No pictures go into the copy. Write out exactly the lines below from the one containing "8-Pack 2BK+2C+2Y+2M Max" through the one containing "DayMark Date Coder".

*Source material:*
------------------------------------
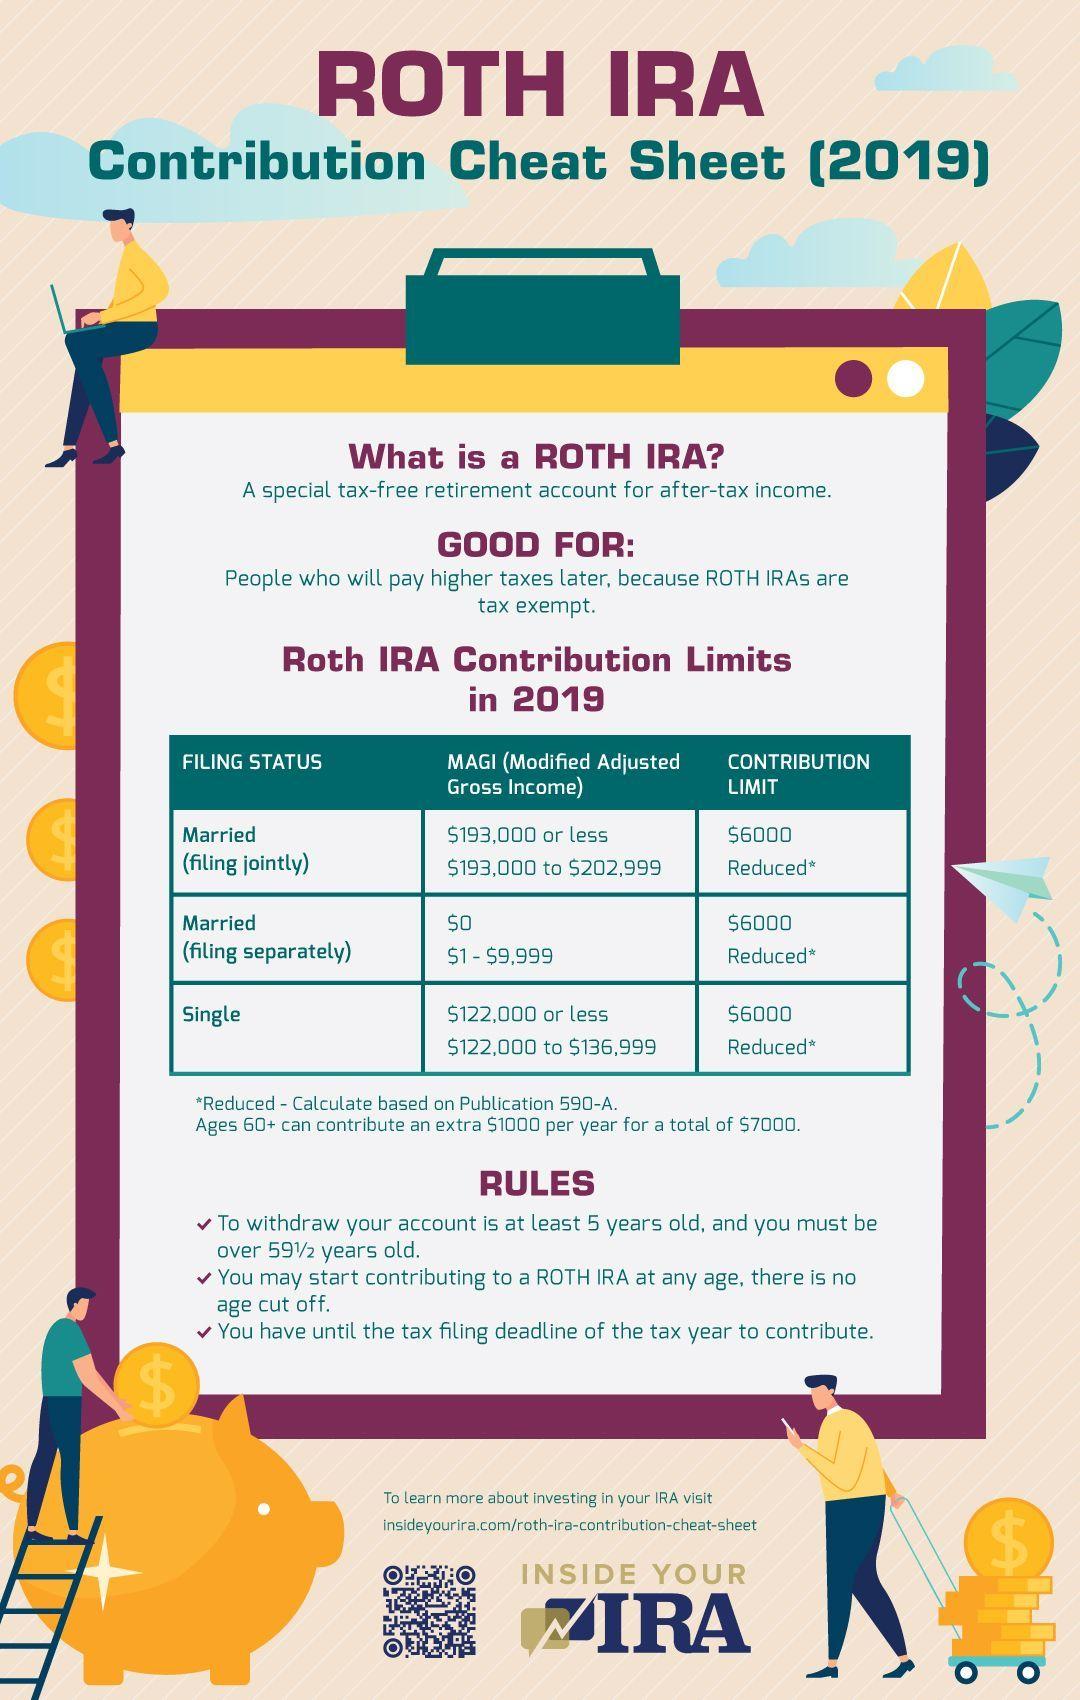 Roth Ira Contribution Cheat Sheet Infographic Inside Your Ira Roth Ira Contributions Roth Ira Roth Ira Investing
------------------------------------
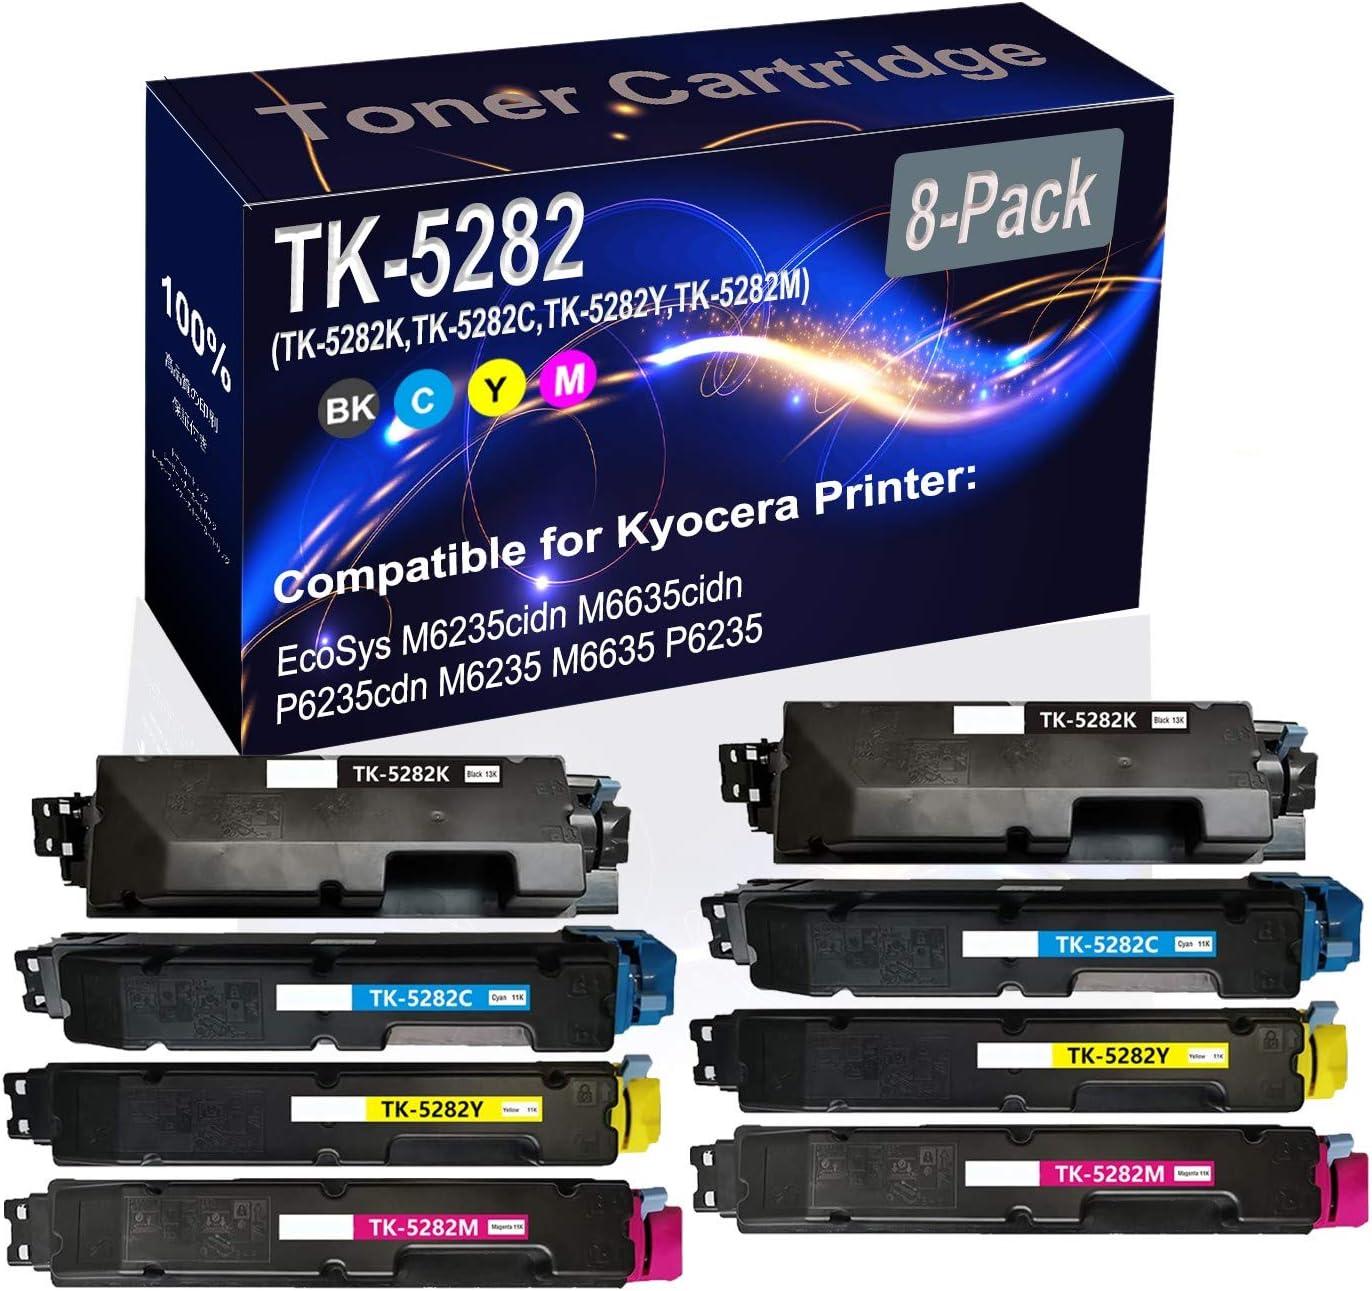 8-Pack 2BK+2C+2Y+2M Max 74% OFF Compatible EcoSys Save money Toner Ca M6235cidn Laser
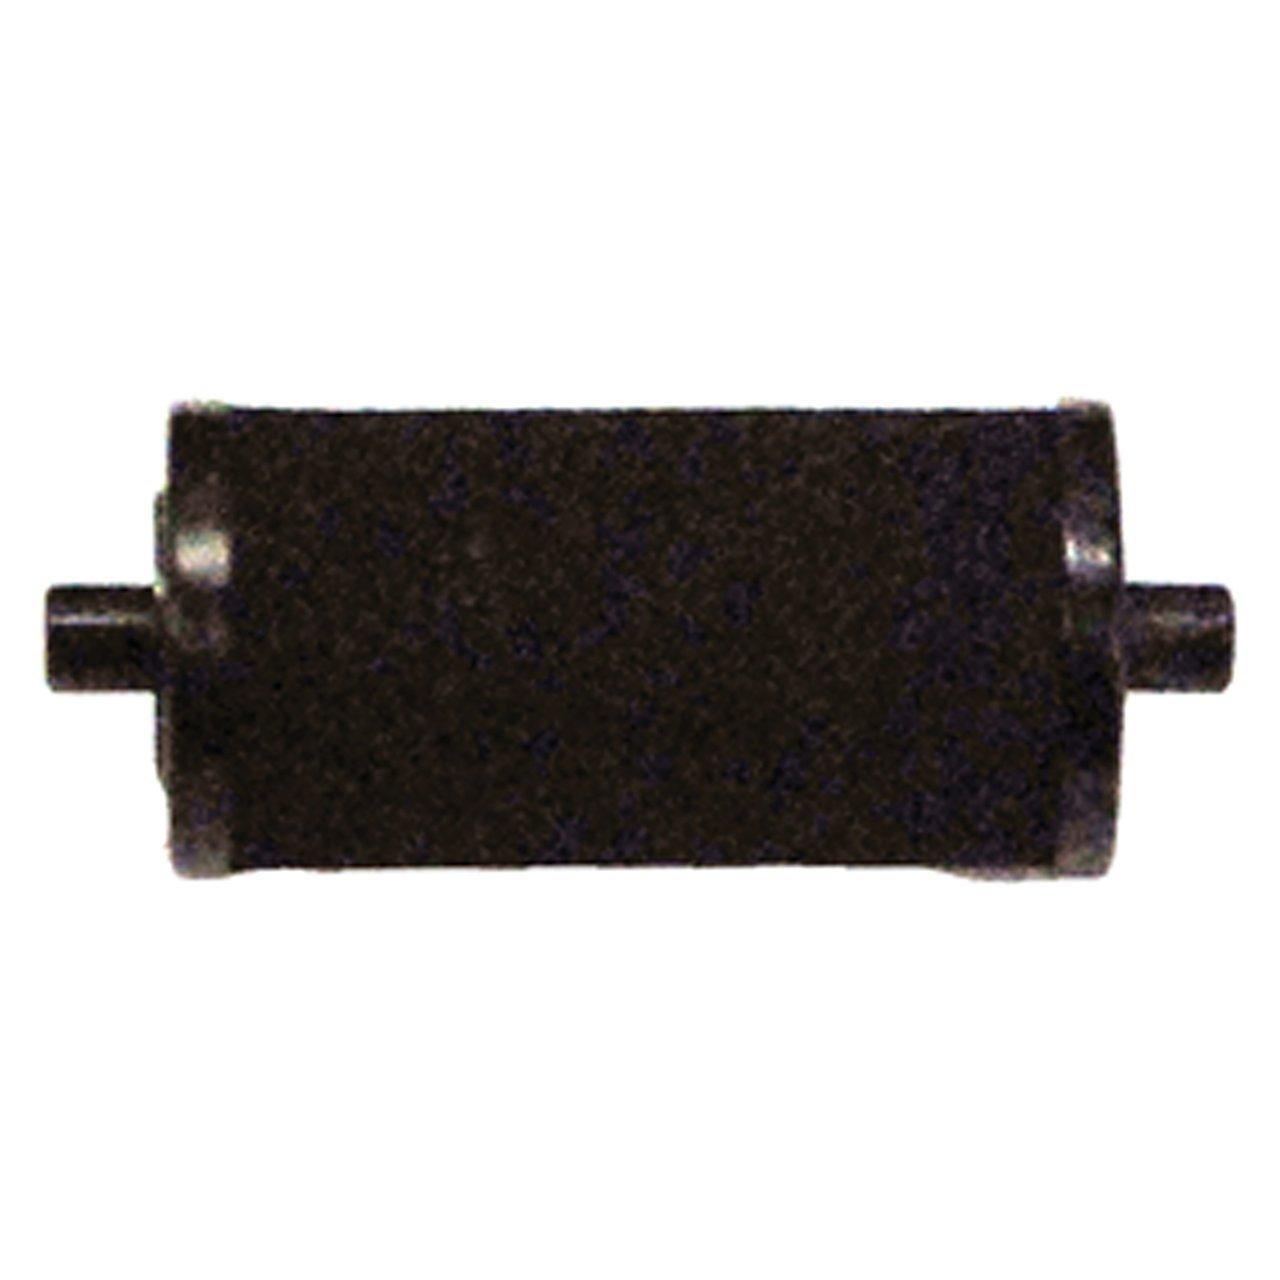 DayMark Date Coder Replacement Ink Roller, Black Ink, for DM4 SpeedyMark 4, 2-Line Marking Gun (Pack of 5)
------------------------------------
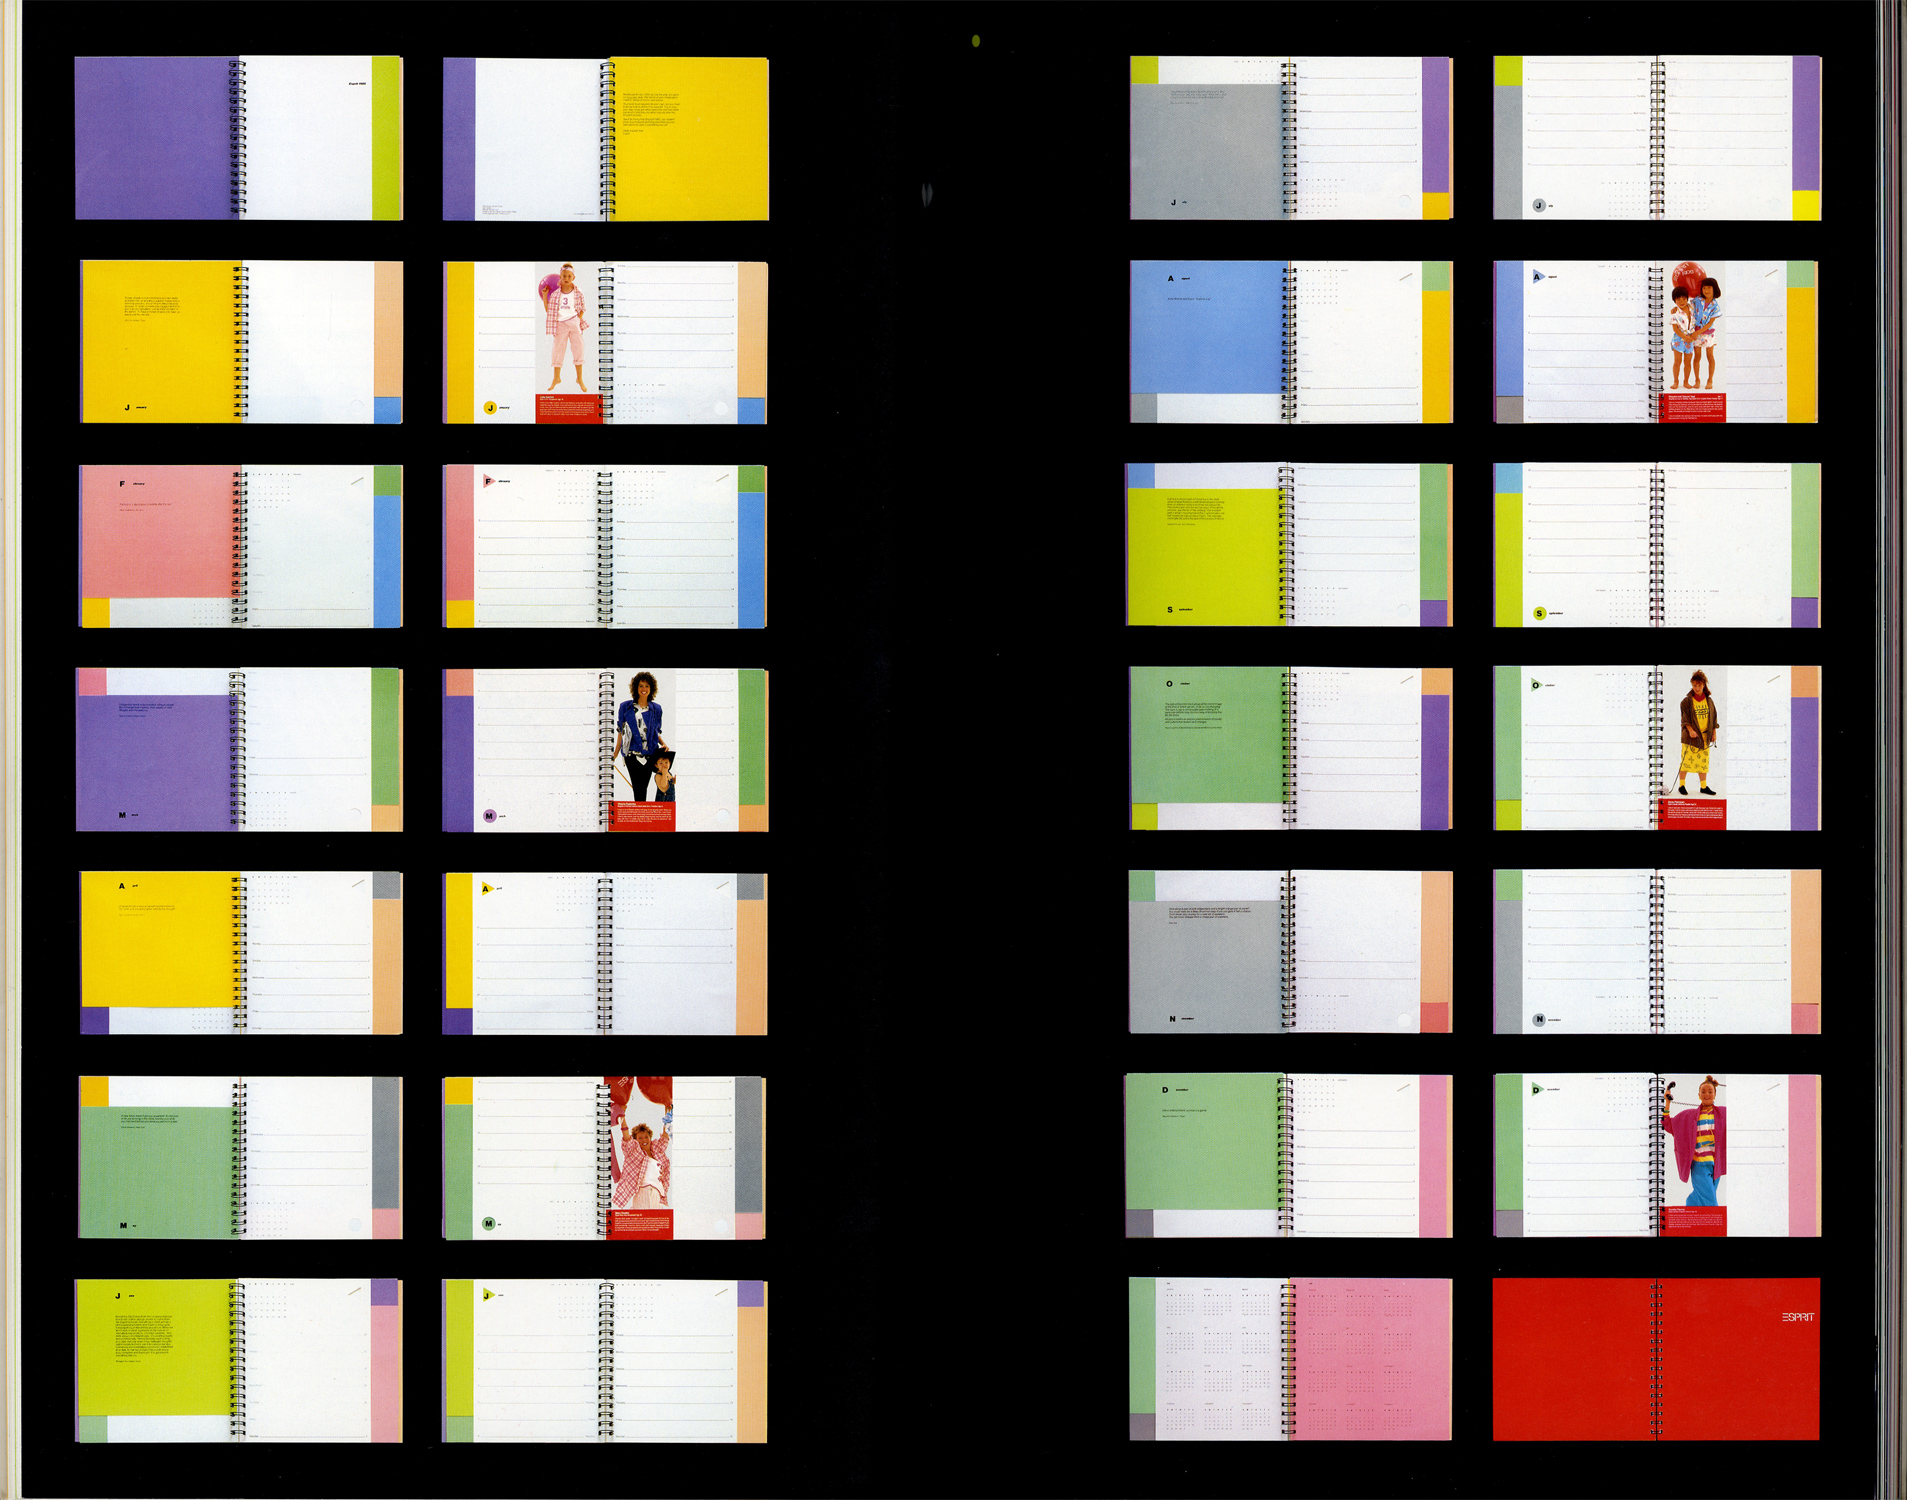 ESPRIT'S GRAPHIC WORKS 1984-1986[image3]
------------------------------------
*Exercise answer:*
 8-Pack 2BK+2C+2Y+2M Max 74% OFF Compatible EcoSys Save money Toner Ca M6235cidn Laser
 DayMark Date Coder Replacement Ink Roller, Black Ink, for DM4 SpeedyMark 4, 2-Line Marking Gun (Pack of 5)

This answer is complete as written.